Coach recalls nightmare of team's last regional final

East at Richmond, Va.

March 27, 2000|By Christian Ewell | Christian Ewell,SUN STAFF

RICHMOND, Va. -- The last trip to a regional final for Connecticut coach Geno Auriemma ended in a way he still blames himself for, a way he's hoping won't happen in tonight's East Regional final against LSU at 7.

Ahead of a North Carolina State team by 10 points in 1998, the Huskies collapsed over the last 15 minutes, and N.C. State coach Kay Yow ended up with her first Final Four appearance.

The Huskies were without Shea Ralph, now an All-American, and also without another All-American, Nykesha Sales. Yet another current All-American, Svetlana Abrosimova, was injured in the first half.

But of the three losses Connecticut (33-1) has suffered in the round of eight -- the others coming to eventual national champions North Carolina and Tennessee in 1994 and '97 -- Auriemma identified the most recent setback as the toughest to take.

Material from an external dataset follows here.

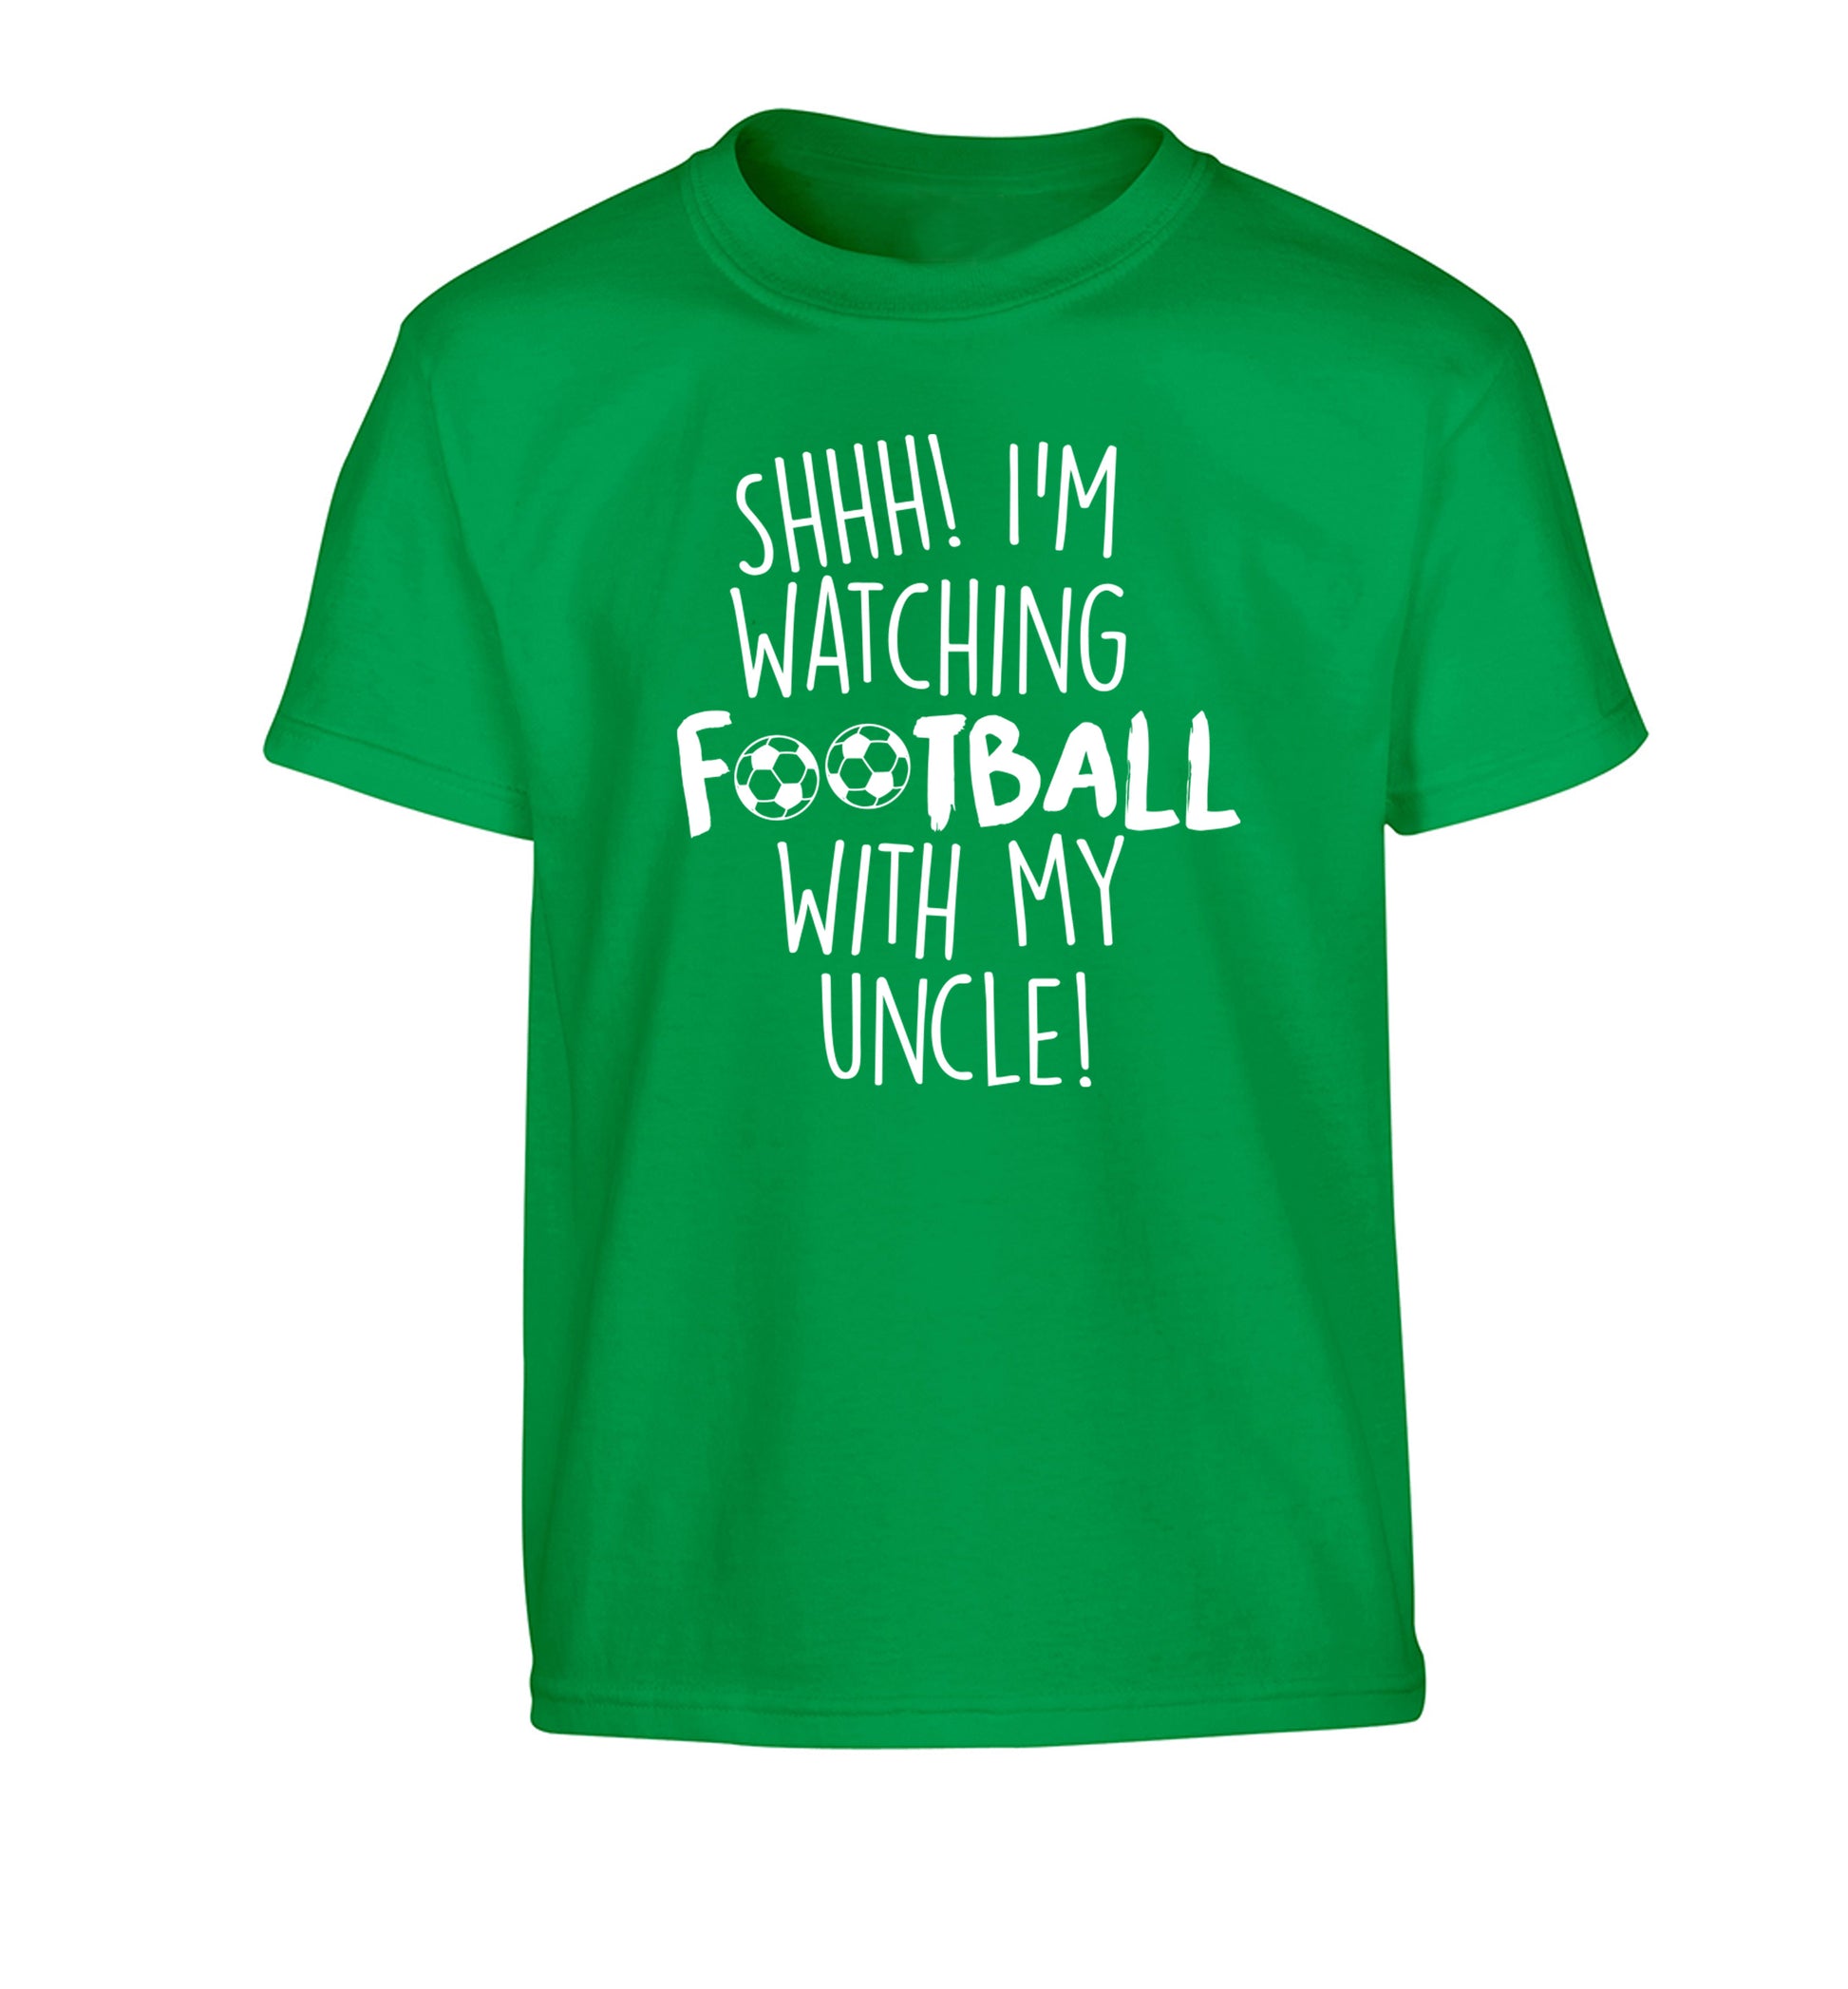 Shhh I'm watching football with my uncle Children's green Tshirt 12-14 Years

"You can rationalize some, and you can't rationalize others," he said. "The N.C. State game, we just looked past them. Once they beat Old Dominion, we looked at it as, `Oh, if we just beat N.C. State, we're going to the Final Four.' "

One of Connecticut's luxuries in having enough talent to plausibly field two Final Four contenders is that it needn't attach its confidence to the relative worth of the opponent.

"I'm sure that [LSU] is coming into the game thinking that they are going to win, and that is what we are going to prepare for," said Ralph. "We are going to go out and play our game and not worry about what they bring to the table or what they think about us."

Incidentally, just the win over Connecticut in 1998 pretty much completed the resume for Yow's long career.

Meanwhile, taking a team to the Final Four is one of the few things LSU coach Sue Gunter has not done in 36 years of college coaching while racking up 613 wins.

For the 26-5 Tigers to go further, they will have to find a way to beat the Huskies.

Running with the Huskies doesn't work, as Oklahoma proved Saturday. Right now, the team is averaging 100.3 points per game in the NCAA tournament. But Gunter wondered whether slowing the game's pace would do much good.

"For any game, you want to dictate the tempo, but I don't know how you do that with Connecticut," she said. "It is hard to take anything away from them that will make a significant difference in the course of the game."

LSU's defense is strong. The team allows its opponents to hit only 38 percent of its shots, and gives up 56.5 points per game. And if their semifinal win over Duke is any indication, the Tigers' passing skill might get them through the traps that Connecticut ran so successfully Saturday.

In the Southeastern Conference, the Tigers lost to No. 1 Mideast seed Tennessee twice, but beat No. 1 West seed Georgia in Athens during the regular season.

"Playing in the SEC, we play a lot of the top teams," LSU forward Katrina Hibbert said. "We are looking at it as another conference game. We'll have to come out and be ready to play."